Data on the Edge with Datasaur: Key Takeaways

October 26, 2021

In the inaugural episode of Data on the Edge, Jeff Mills, Chief Revenue Officer of iMerit, sits down with Ivan Lee, CEO & Founder of Datasaur, to explore data challenges in the ML operations landscape and how Datasaur, a leading NLP labeling and annotation tool, helps to tackle edge case situations in NLP.

Datasaur has partnered with iMerit to combine the best labeling software with the best labeling workforce, to annotate NLP training data at scale for clients across multiple sectors.

Here are 5 key takeaways from the episode:

  • Natural language processing workflows have evolved from simple language parsing with parts of speech such as named entity recognition to more advanced workflows like aspect-based sentiment analysis. Datasaur enables iMerit to draw relationships between one sentiment and the corresponding attribute to get a more nuanced view of what a statement actually means.

  • The three product pillars of Datasaur includes – Powerful and simplistic interface for labeling, build intelligence to automate simple tasks, collaboration and workflow management through dashboards and reporting.

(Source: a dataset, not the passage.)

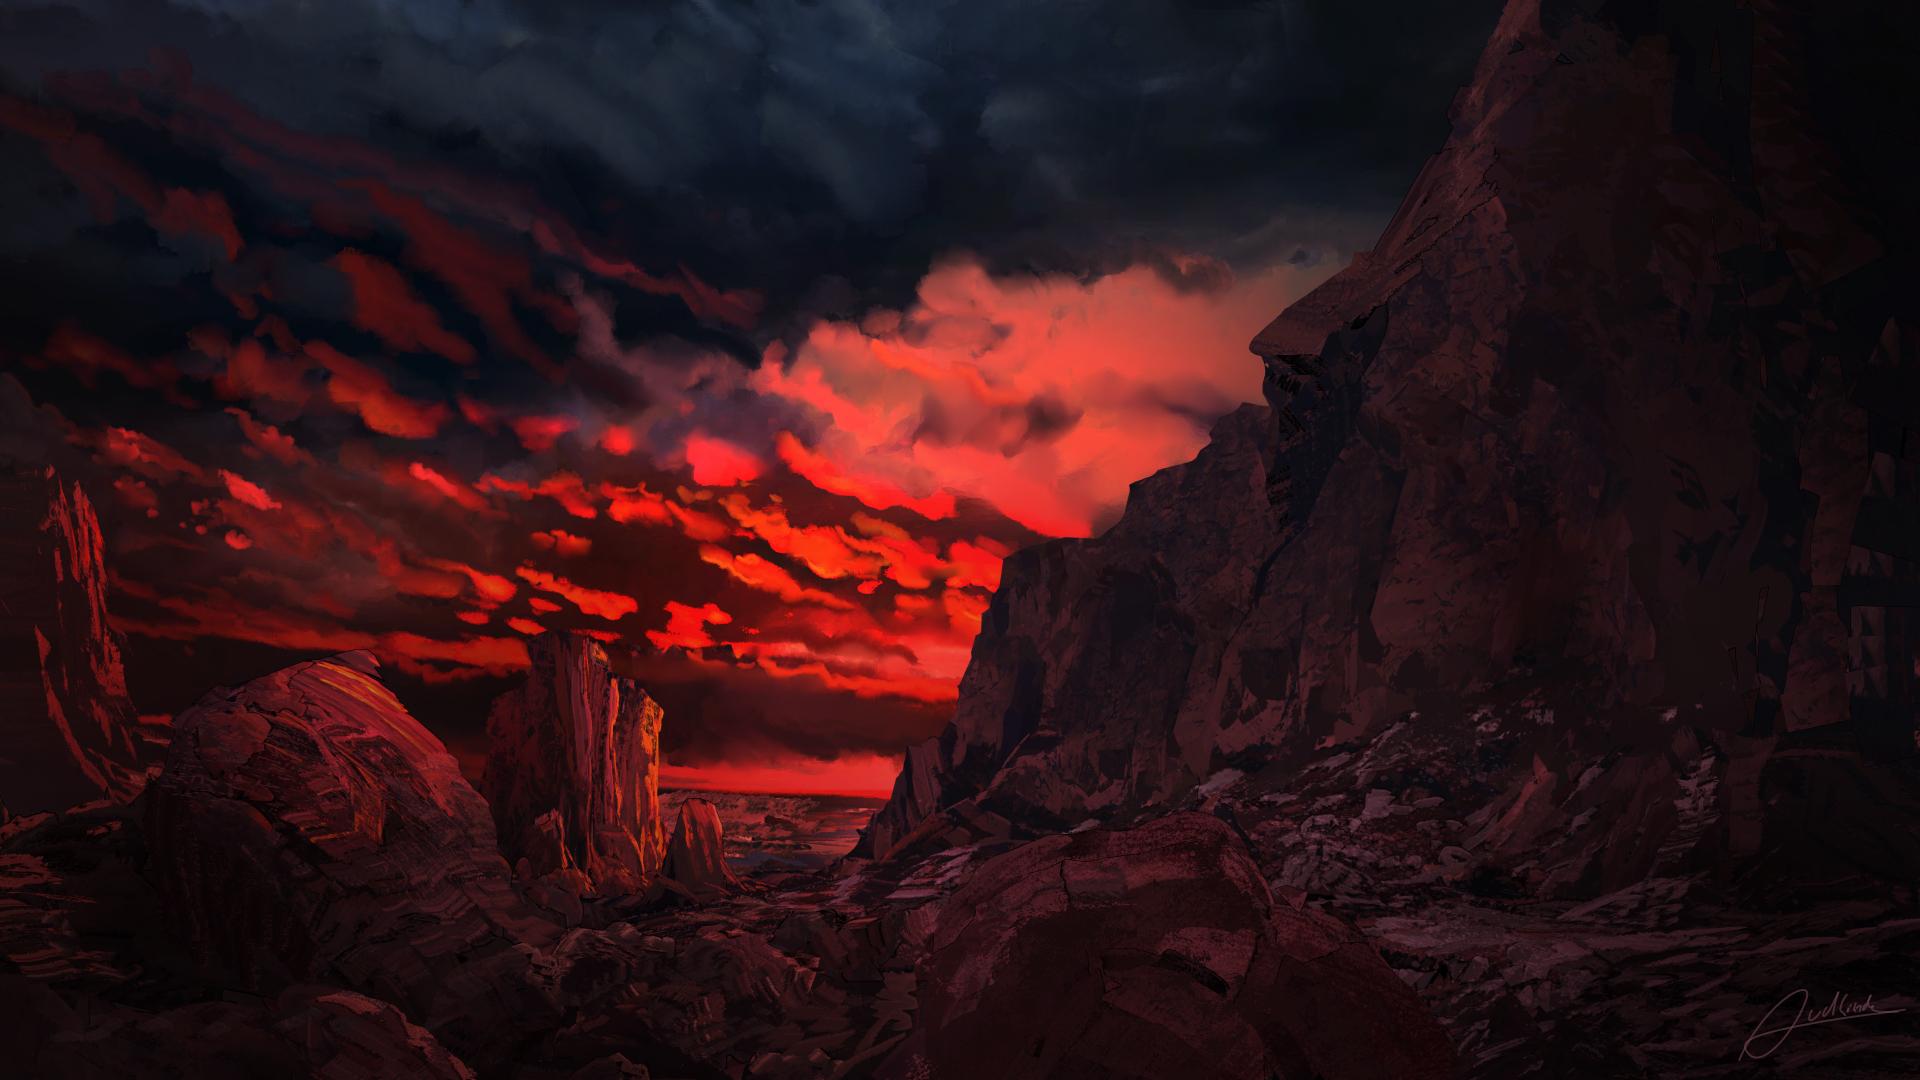 1920x1080 Red Mountains 1080p Laptop Full Hd Wallpaper Hd
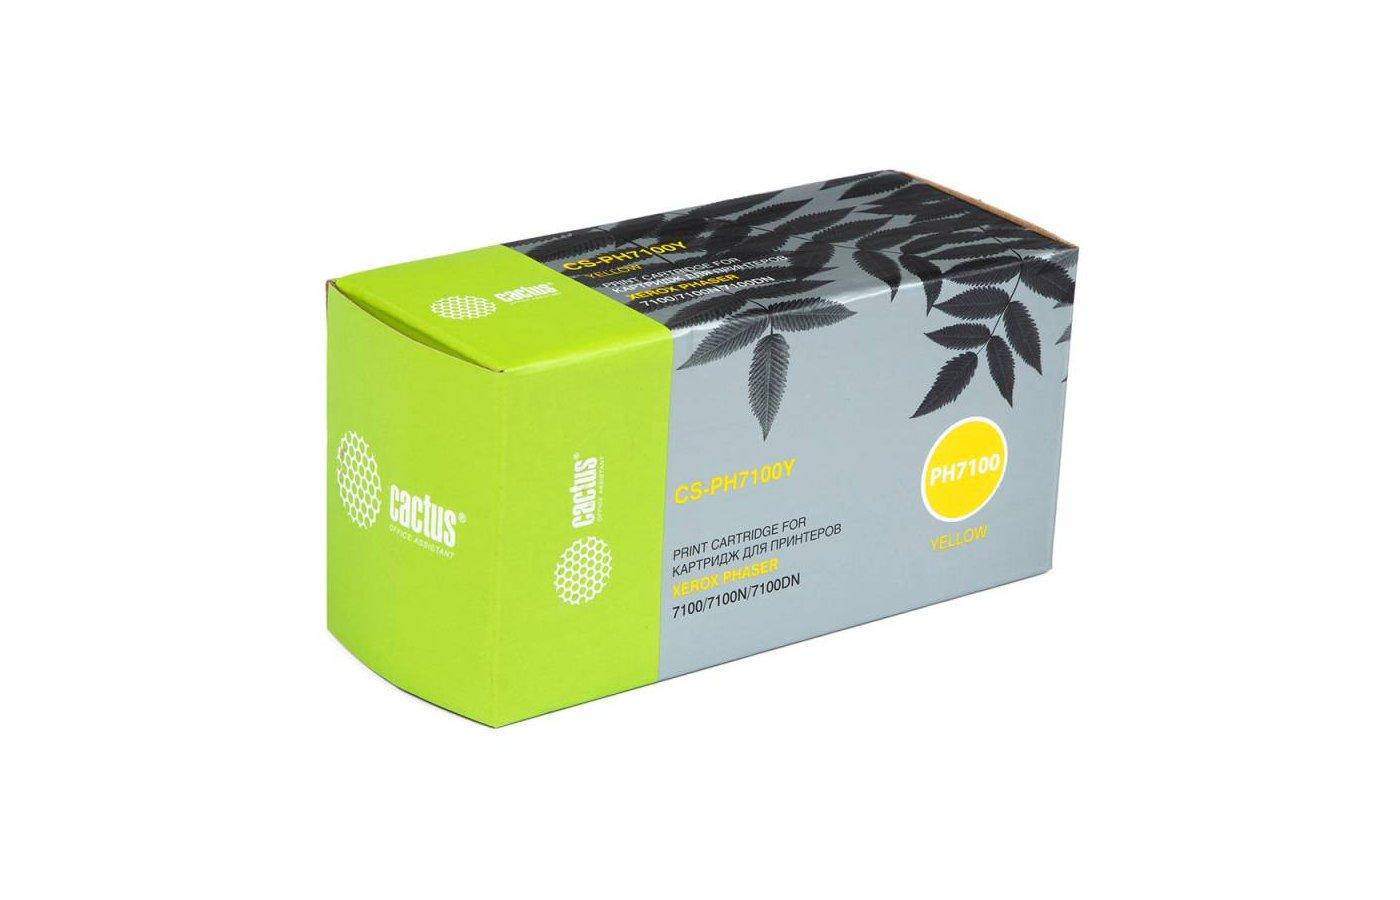 Картридж лазерный Cactus CS-PH7100Y (106R02608) совместимый желтый для Xerox Phaser 7100/7100N/7100DN (4500стр.)

  • Of all the branches of AI, NLP is one of the most mature and directly applicable. As of now, Datasaur primarily supports NLP text-based use cases. They intend to move forward into text-adjacent domains such as audio and optical character recognition (OCR), in which audio and images will be transcribed into text.

  • Both the data-centric and model-centric approaches are significant, however improving the quality and quantity of data is actually the fastest way forward to improve the ML model performance.

  • Customers and users are becoming more sophisticated in their project analysis and breakdown. Aside from recognizing how efficiently the project is going, there is an increasing desire for being able to extract insights and feedback from labeling tasks.